If an Englishman's home is his castle, then a New Yorker's apartment will soon be his rabbit hutch. Housing in a city already renowned for cheek-by-jowl living may become smaller still after the Mayor, Michael Bloomberg, announced a pilot project this week not for flats but "micro-units". The apartments, proposed for a block in the Kips Bay area of Manhattan, will offer as little as 275sq ft (26sq metres). You could fit 10 such flats on a tennis court, each of which would be the size of two small caravans – or five prison cells.
Responding to a challenge faced in metropolises all over the world, Bloomberg said the units were "critical to the city's continued growth, future competitiveness and long-term economic success" and would justify scrapping US standards requiring flats to offer 400sq ft of floor space.
The problem for planners is stark: the rise of solo living and smaller families has placed huge demand for small, affordable flats in cities that are running out of space. In London, one-bed flats have already shrunk by 13 per cent since 2000, to as low as 300sq ft, way short of the Parker Morris standards, set in 1961, which recommends a minimum of 470sq ft for flats in the UK.
Ceilings are dropping and walls closing in suburban housing estates, too, where developers save big money for every square inch conserved, while they flog the detached-house dream.
If flats without space to swing a Hoover, much less a cat, sound like a claustrophobic nightmare, for some, micro-living has become an aspiration. Living small can also mean thinking big. The "small-house movement" has a growing following in the US for compact homes that defy the super-sized approach to building outside the cities. Small means efficient, and green.
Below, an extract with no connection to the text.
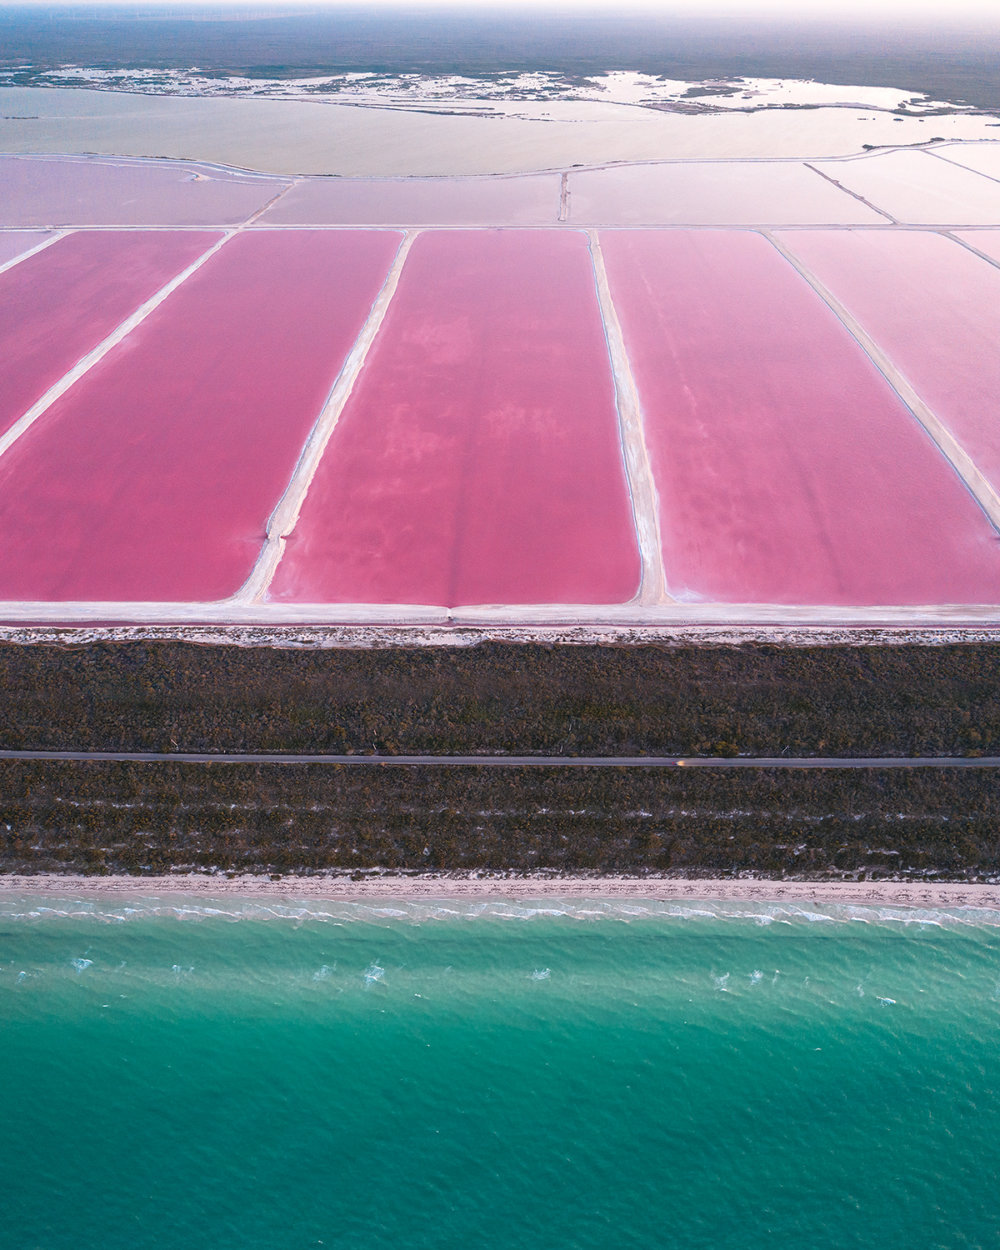 Mexico From Above Aerial Photography Series By Dimitar Karanikolov 6

The University of Hertfordshire last year revealed a prototype Cube House, a 10x10ft wooden box concealing three floors, a full-sized shower and enough solar panels to cover all its energy needs.
George Clarke, a British architect and the presenter of an upcoming Channel 4 series about small homes, says the demands of the modern city present exciting challenges. "House builders in Britain still don't think creatively about design," he says. "When clients set the challenge of making space work, you have to use as many tricks as you can, which is great for young architects."
Clarke finds solutions in technology, like desks that become beds without sending your paperwork flying.
The "transformer" approach has been taken to extremes by Gary Chang, an architect in Hong Kong, the home of micro-living.
He converted his 344sq-ft flat into a mansion of innovation. Walls slide and beds disappear to offer 20 rooms in one.